Here's what the code looks like:
That's the transformer
public class KStreamStateLeftJoin<K, V1, V2> implements Transformer<K, V1, KeyValue<K, V2>> {
private final String stateName;
private final ValueJoiner<V1, V2, V2> joiner;
private final boolean updateState;
private KeyValueStore<K, V2> state;
public KStreamStateLeftJoin(String stateName, ValueJoiner<V1, V2, V2> joiner, boolean updateState) {
this.stateName = stateName;
this.joiner = joiner;
this.updateState = updateState;
}
#Override
#SuppressWarnings("unchecked")
public void init(ProcessorContext context) {
this.state = (KeyValueStore<K, V2>) context.getStateStore(stateName);
}
#Override
public KeyValue<K, V2> transform(K key, V1 value) {
V2 stateValue = this.state.get(key); // Get current state
V2 updatedValue = joiner.apply(value, stateValue); // Apply join
if (updateState) {
this.state.put(key, updatedValue); // write new state
}
return new KeyValue<>(key, updatedValue);
}
#Override
public KeyValue<K, V2> punctuate(long timestamp) {
return null;
}
#Override
public void close() {}
}
And here's the adapted topology:
String topic = config.topic();
String store = topic + "-store";
KTable<UUID, MyData> myTable = topology.builder().table(UUIDSerdes.get(), GsonSerdes.get(MyData.class), topic, store);
// Receive a stream of various events
topology.eventsStream()
// Only process events that are implementing MyEvent
.filter((k, v) -> v instanceof MyEvent)
// Cast to ease the code
.mapValues(v -> (MyEvent) v)
// rekey by data id
.selectKey((k, v) -> v.data.id)
// join the event with the according entry in the KTable and apply the state mutation
.transform(() -> new KStreamStateLeftJoin<UUID, MyEvent, MyData>(store, eventHandler::handleEvent, true), store)

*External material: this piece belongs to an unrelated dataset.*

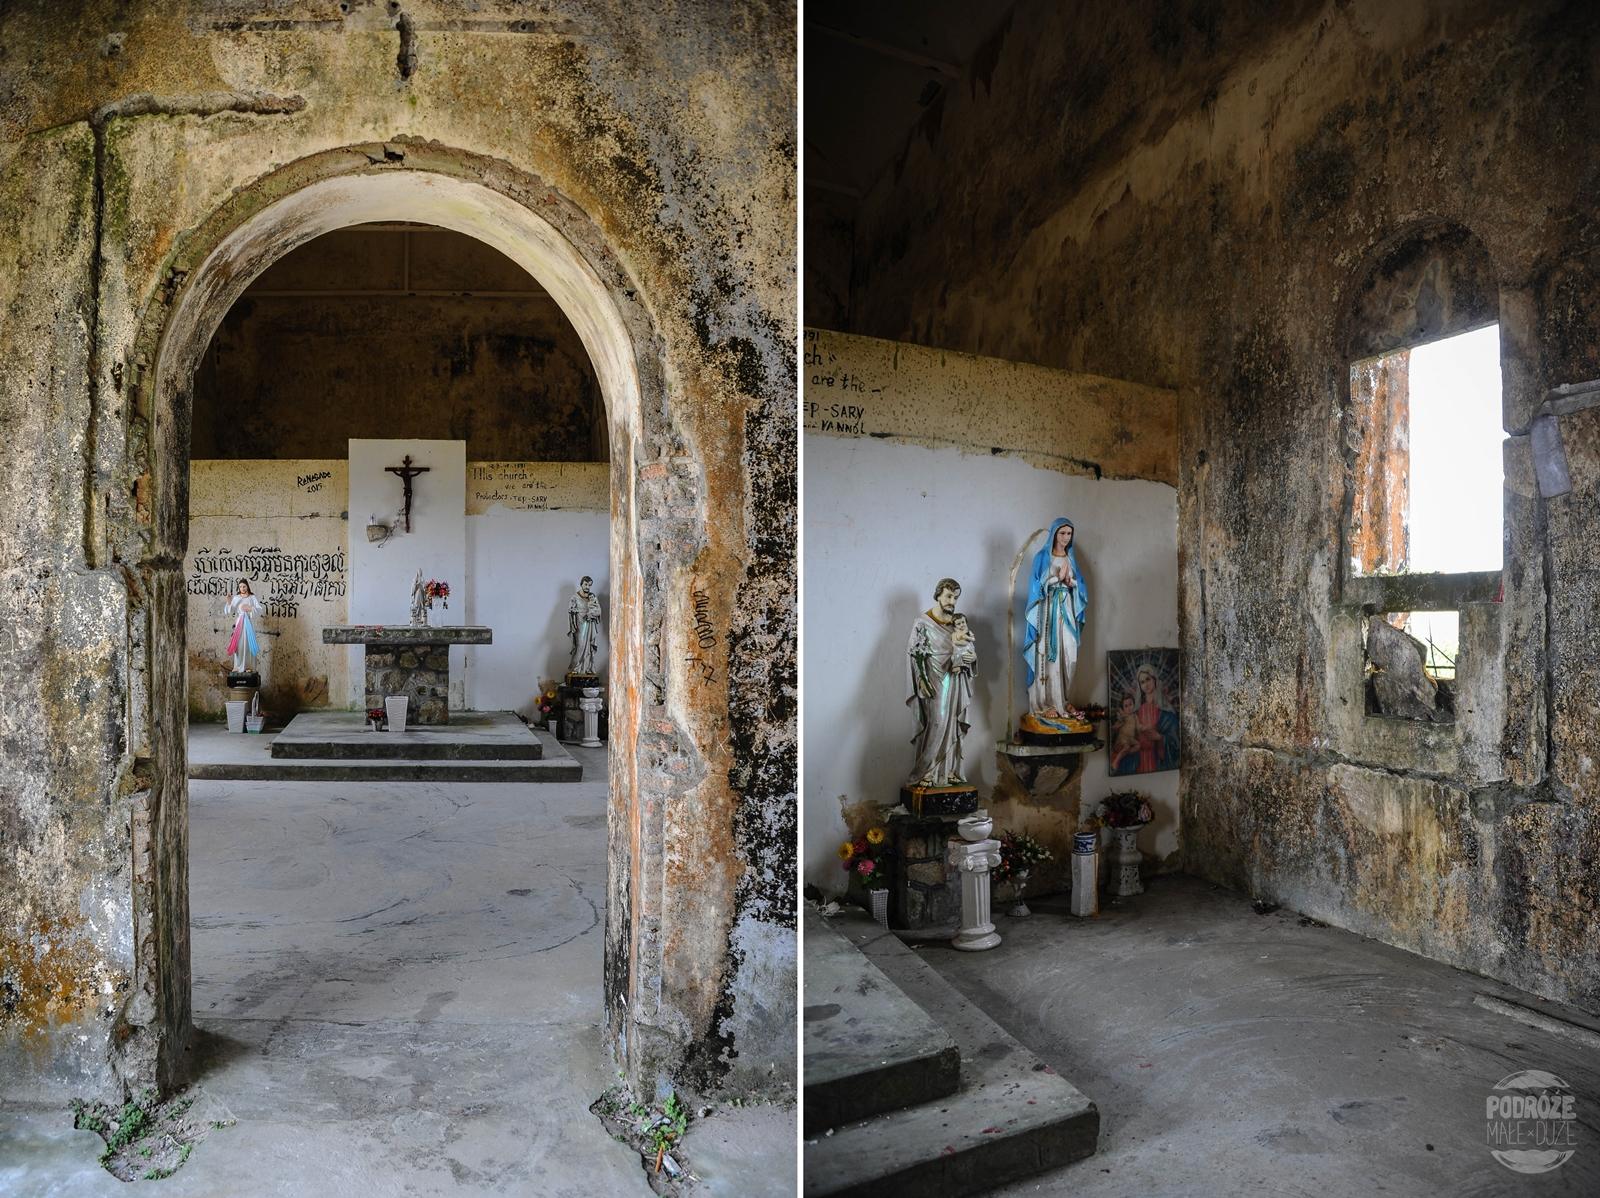 kambodza kampot bokor hill station opuszczony kosciol

// write the updated state to the KTable.
.to(UUIDSerdes.get(), GsonSerdes.get(MyData.class), topic);
As we're using the KTable's KV StateStore and applying changes directly in it through the put method events shoudl always pick up the updated state.
One thing i'm still wondering: what if I have a continuous high throughput of events.

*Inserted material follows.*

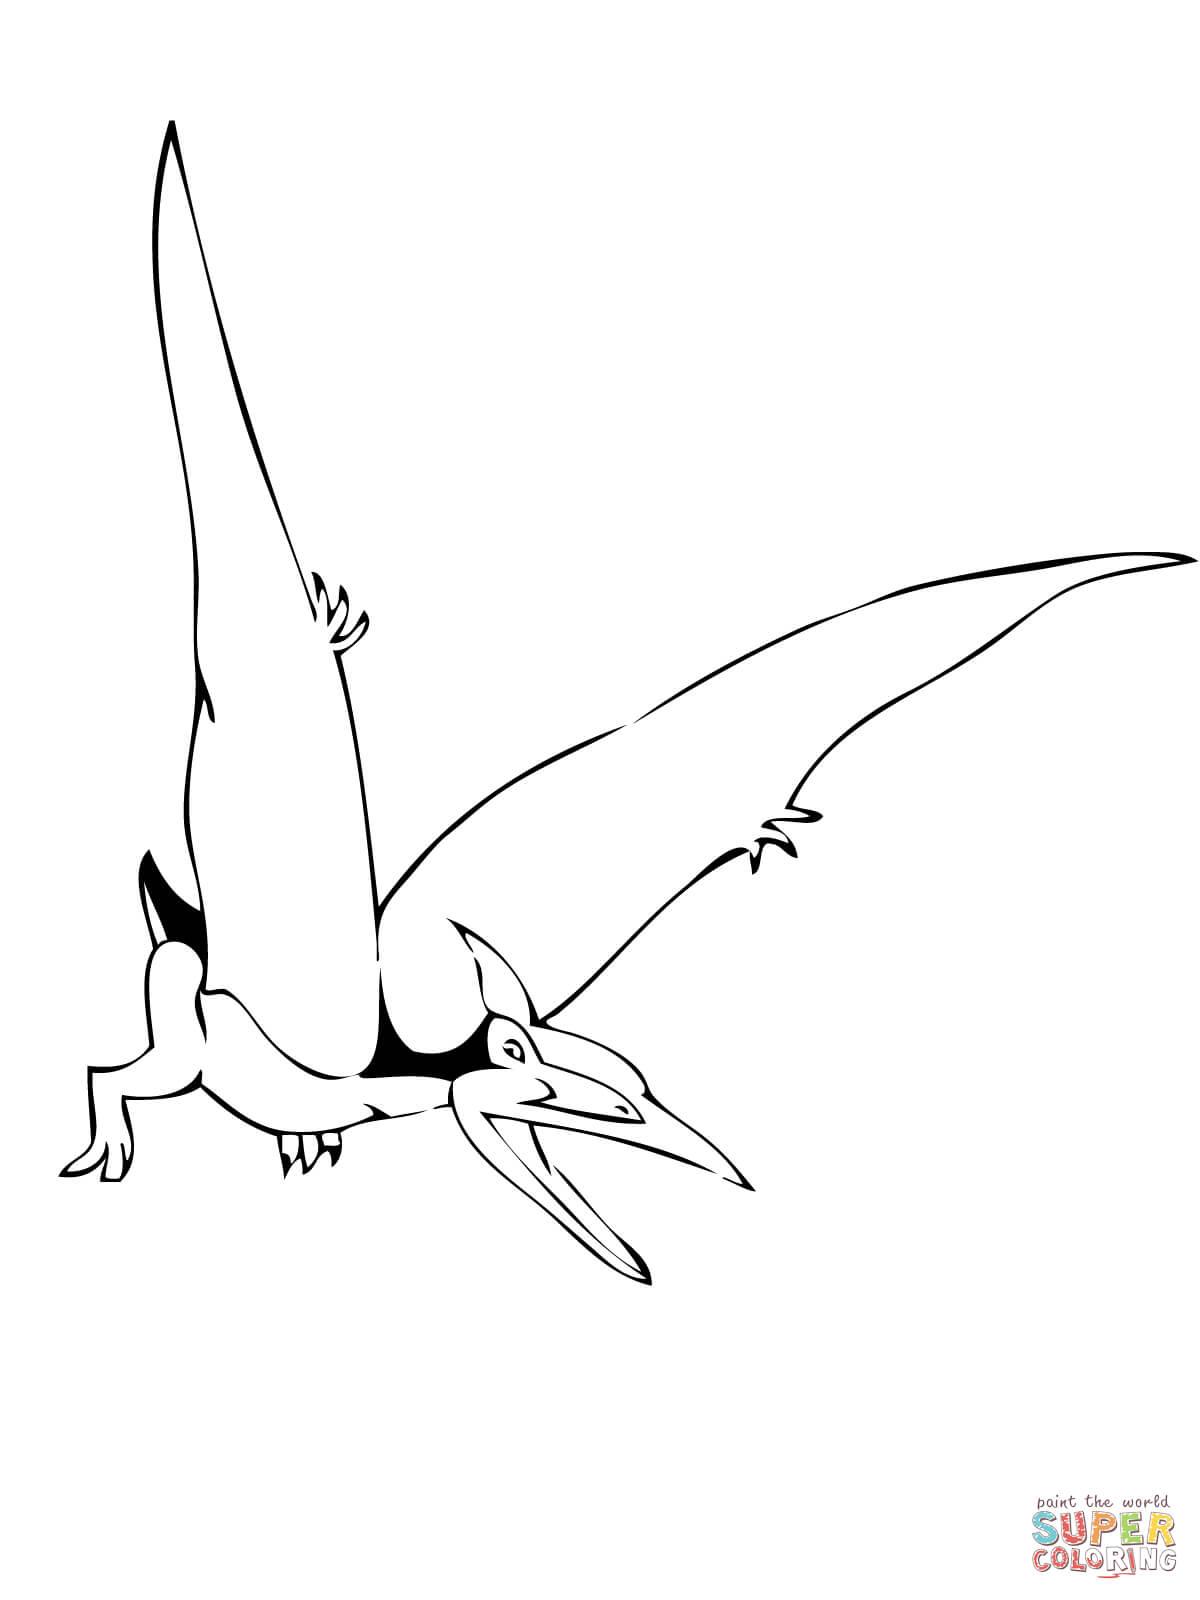 pteranodon drawing at getdrawings  free download

Could there still be a race condition between the puts we do on the KTable's KV store and the writes that are done in the KTable's topic ?
A KTable is sharded into multiple physical stores and each store is only updated by a single thread. Thus, the scenario you describe cannot happen. If you have 2 records with the same timestamp that both update the same shard, they will be processed one after each other (in offset order). Thus, the second update will see the state of after the first update.
So maybe you just did describe your scenario not correctly?
Update
You cannot mutate the state when doing a join. Thus, the expectation that
event1 joins with state A => state A mutated to state X
is wrong. Independent of any processing order, when event1 joins with state A, it will access state A in read only mode and state A will not be modified.
Thus, when event2 joins, it will see the same state as event1. For stream-table join, the table state is only updated when new data is read from the table-input-topic.
If you want to have a shared state that is updated from both inputs, you would need to build a custom solution using transform():
builder.addStore(..., "store-name");
builder.stream("table-topic").transform(..., "store-name"); // will not emit anything downstream
KStream result = builder.stream("stream-topic").transform(..., "store-name");
This will create one store that is shared by both processors and both can read/write as they wish. Thus, for the table-input you can just update the state without sending anything downstream, while for the stream-input you can do the join, update the state, and send a result downstream.
Update 2
With regard to the solution, there will be no race condition between the updates the Transformer applies to the state and records the Transformer processes after the state update. This part will be executed in a single thread, and records will be processed in offset-order from the input topic. Thus, it's ensured that a state update will be available to later records.